## [What you have to do]
Leave the pictures out, and repeat exactly every line from the one with "Pokaz slajdów Rpberta" through the end of the data below.

## [Dataset section]

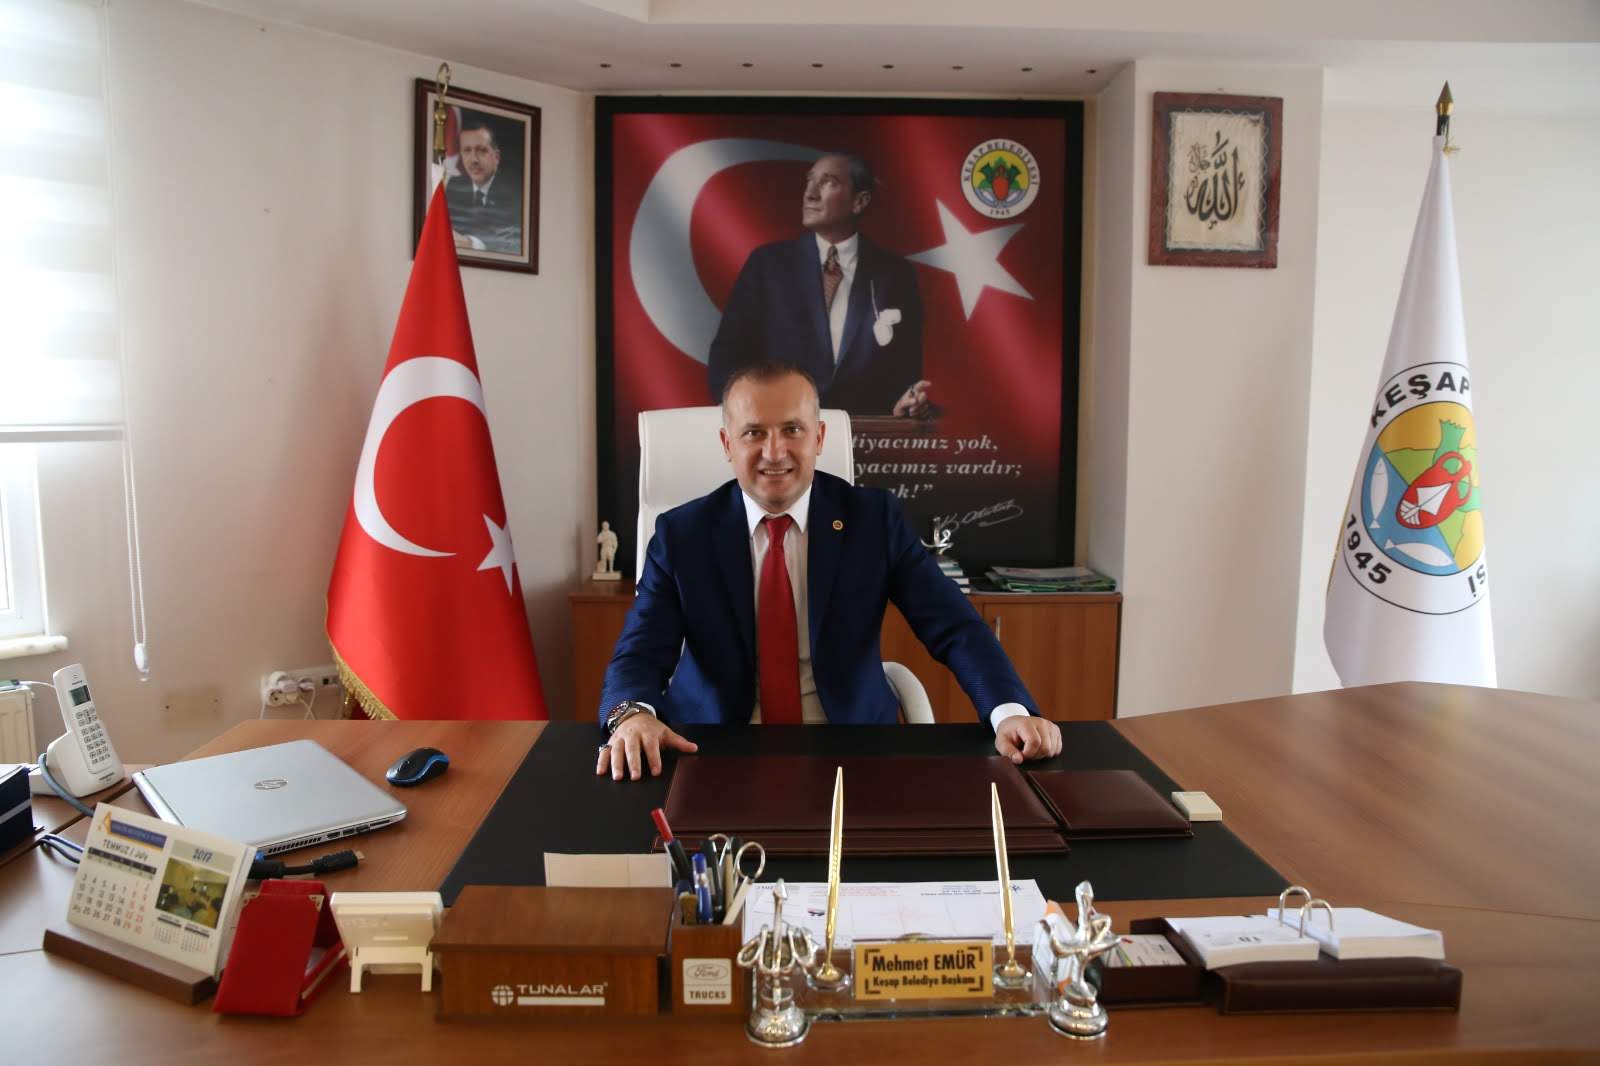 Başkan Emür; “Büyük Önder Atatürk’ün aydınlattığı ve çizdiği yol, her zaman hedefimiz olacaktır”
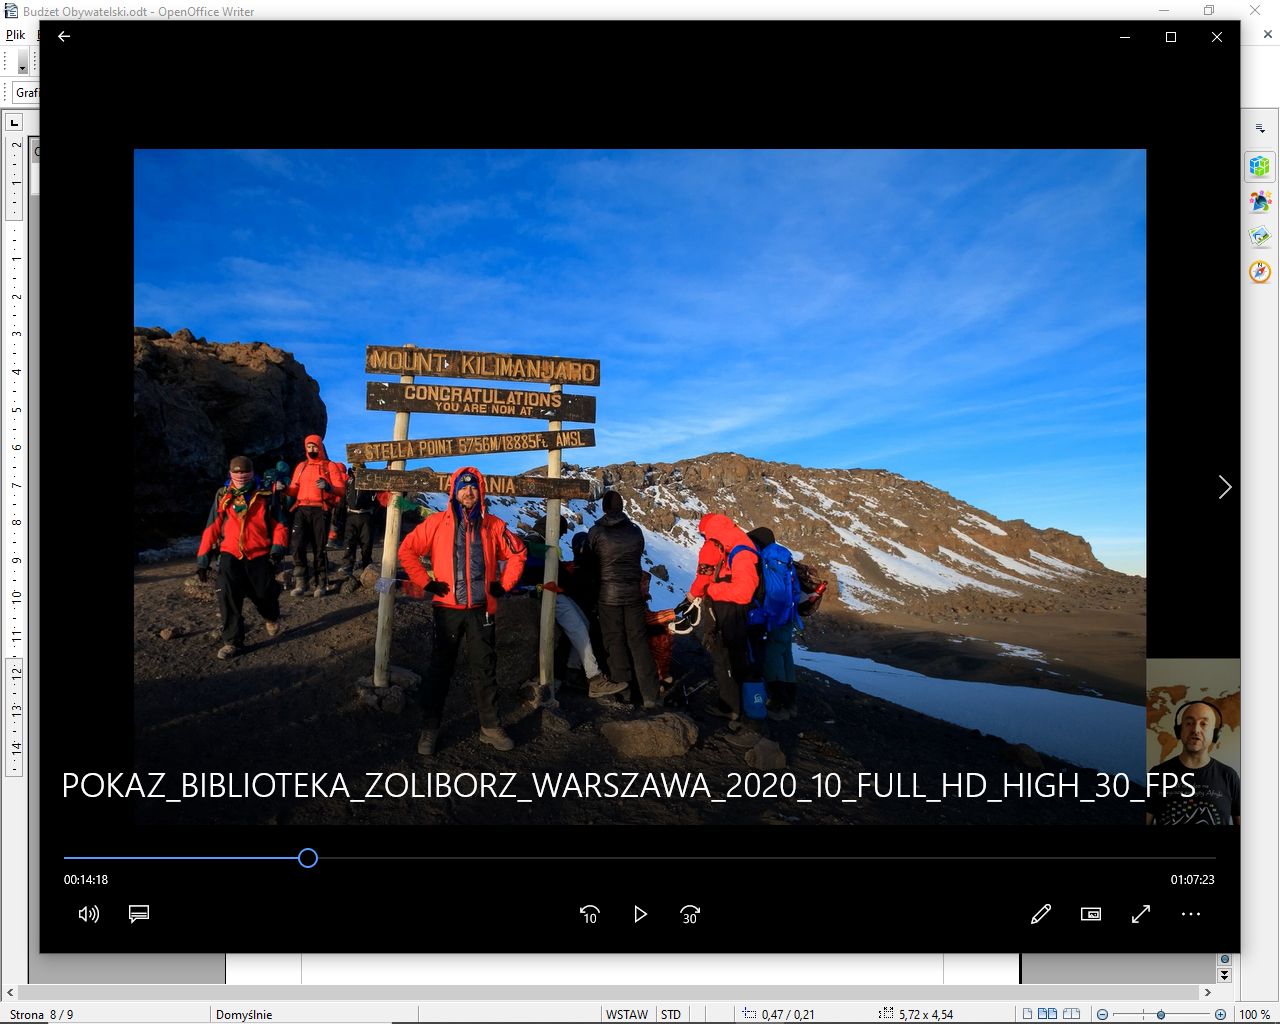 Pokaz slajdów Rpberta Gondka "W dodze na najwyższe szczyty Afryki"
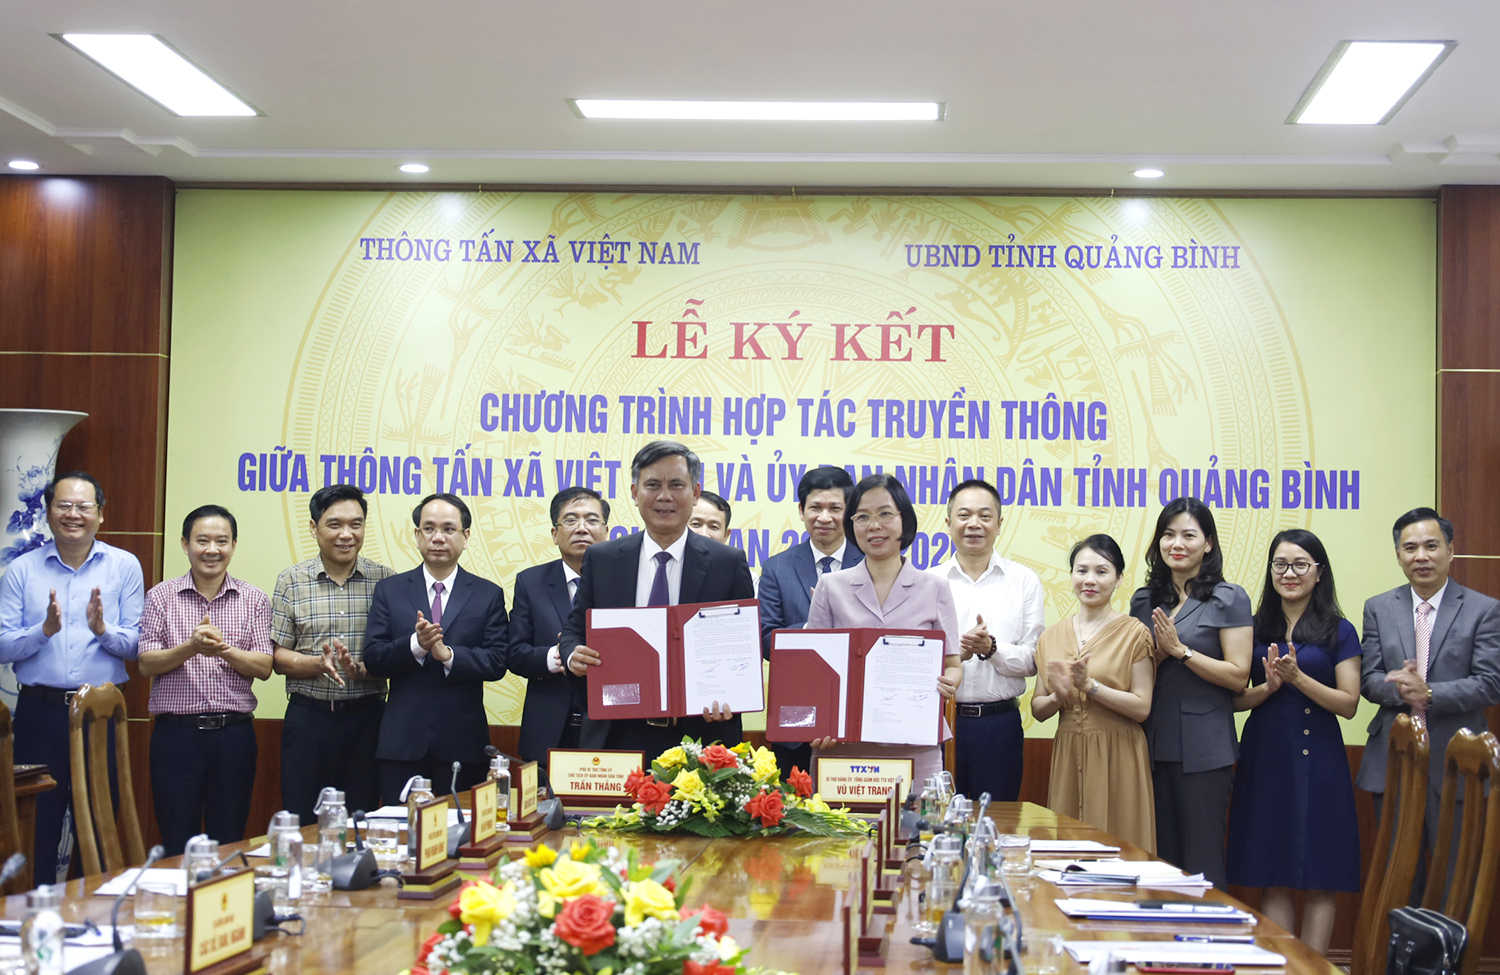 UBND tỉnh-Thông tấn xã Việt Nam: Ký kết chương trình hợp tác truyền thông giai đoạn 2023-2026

## [Exercise output]
 Pokaz slajdów Rpberta Gondka "W dodze na najwyższe szczyty Afryki"
 UBND tỉnh-Thông tấn xã Việt Nam: Ký kết chương trình hợp tác truyền thông giai đoạn 2023-2026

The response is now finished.